Posted By: plutarch Re: "But when everything is strange..." - 02/15/05 01:00 PM
That's a beautiful phrase, a prayer, a way of life, a state of grace to strive for.

Yes, it is provocative, Owlbow.

Arthur C. Clarke also said something profound about "strange" but it turns out it wasn't Clarke who first said it [as Clarke himself acknowledges in this interview with "Wired" magazine in 2003 - the 25th Anniversary of "2001: A Space Odyssey"]:

I'm always paraphrasing J.B.S. Haldane: "The universe is not only stranger than we imagine, it's stranger than we can imagine."

In the same interview, Arthur Clarke also said something "strange" which gives us an insight into his own mind:

Though Clarke generally despises interviews, he was excited about appearing in Wired - although he wryly insisted, after looking over the premier issue of the magazine, that "a crucial letter in the title has been transposed."

Arthur Clarke On Life
Wired, July/August 2003 [Sri Lanka]

http://www.wired.com/wired/archive/1.03/clarke_pr.html





Posted By: of troy Re: "But when everything is strange..." - 02/15/05 01:02 PM
i read, one of success of humans, is they, unlike other animals, do not suit themselves to an environment, but rather, create environments that suit them (from materials at hand.)

i think too, humans have an amazing capacity to accept new environments--and to quickly come to terms coping with them.

We have all seen photo's of flooded areas, where hours after the flood, the main road of town, instead of being a street, has become a 'channel'--and out of 'no where '--well, in reality, out of garages, and sheds, and other outbuilding--have come canoes, rowboats, inflatables, and small outboarders, and now the police are cruising in boats..as it it was the most normal thing..
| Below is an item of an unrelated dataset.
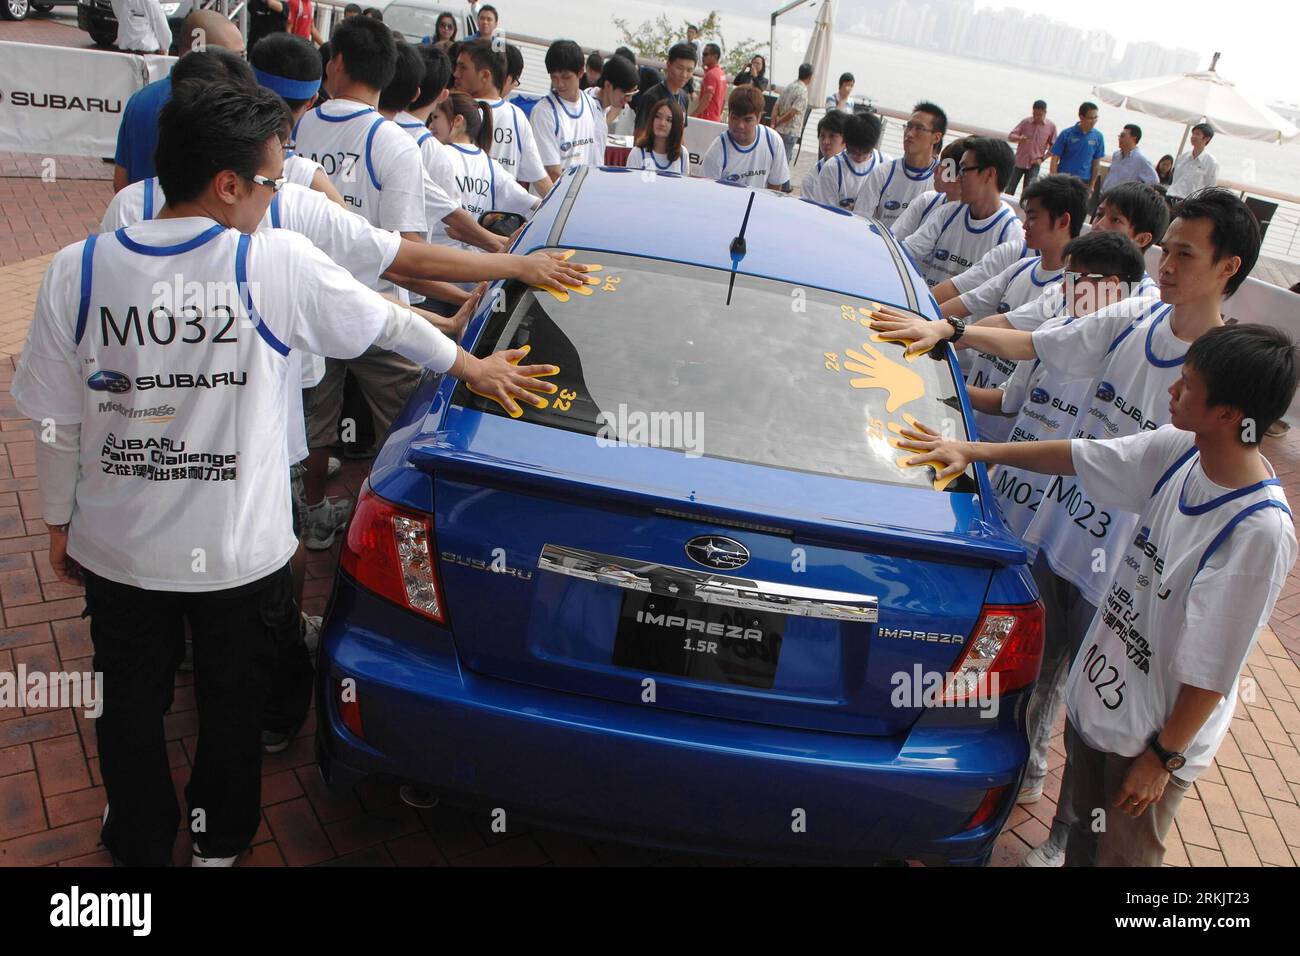 Bildnummer: 56161334  Datum: 09.10.2011  Copyright: imago/Xinhua (111009) -- MACAO, Oct. 9, 2011 (Xinhua) -- Competitors participate in the Subaru Palm Challenge 2011 in Macao, south China, Oct. 9, 2011. Contestants are asked to follow some instructions while sticking their right hands to a car for six hours. (Xinhua/Cheong Kam Ka)(cyl) CHINA-MACAO-SUBARU PALM CHALLENGE 2011 (CN) PUBLICATIONxNOTxINxCHN Gesellschaft Wettkampf kurios Auto berühren x0x xtm 2011 quer      56161334 Date 09 10 2011 Copyright Imago XINHUA  Macao OCT 9 2011 XINHUA Competitors participate in The Subaru Palm Challenge 2 Stock Photo

and, in somes it is! it becomes the new normal for the duration of the flood, and then roads go back to being roads, and the police go back to driving cruisers. we switch between one mode of normal, into another, and back again, almost easily.
on the fateful day in september a few years ago, there was very little panic. thousand of people, evacuated from buidings and headed 'away' (my building was a 1/4 mile away and evacuated).--

subways weren't running nor for the mostpart, buses. bridges and tunnels were closed. there wasn't any panic, just a steady, somber parade of people moving north. (about the only way you could go!)

people talked with each other, and interacted, in quiet ways.

NYers' have dealt with blackouts, and other disasters before.. no one looks forward to a 15 mile walk home.. but we trudge along, accustom to the fact that things break down, in a rather catastrofic way, if not regularly, at least several times in one lifetime.

that day was perhaps a 1000 year experience--just as floods are measured in such likelyhoods--with a certain level of flooding occurs every 10 years, every 100 years or so there is an exceptional flood, and every 1000 years, a flood beyond all known proportion.

just as people who live near rivers learn to live with floods, so, NYers learn to live with 'unusual' inconvienences.


Posted By: Dgeigh Re: "But when everything is strange..." - 02/15/05 04:01 PM
Thank you for your insight, Helen. I especially like your line: “people talked with each other, and interacted, in quiet ways.” It strikes me as a wonderful string of words.

Posted By: themilum Re: "But when everything is strange..." - 02/16/05 09:04 PM
What rare insight Wordwind! Familiarity is a fundamental necessity of living, ergo, we must become familiar with our sensorial environment in order to move about it and eat and reproduce. But then your further extrapolation from Bradbury's sentence was just brilliant, viz. Or it could be someone's way of expression that is so convoluted that you have to read what's written several times before you move from what was strange to a level of understanding. It could even apply to a political point of view that seems so strange that it is hard to make it feel familiar.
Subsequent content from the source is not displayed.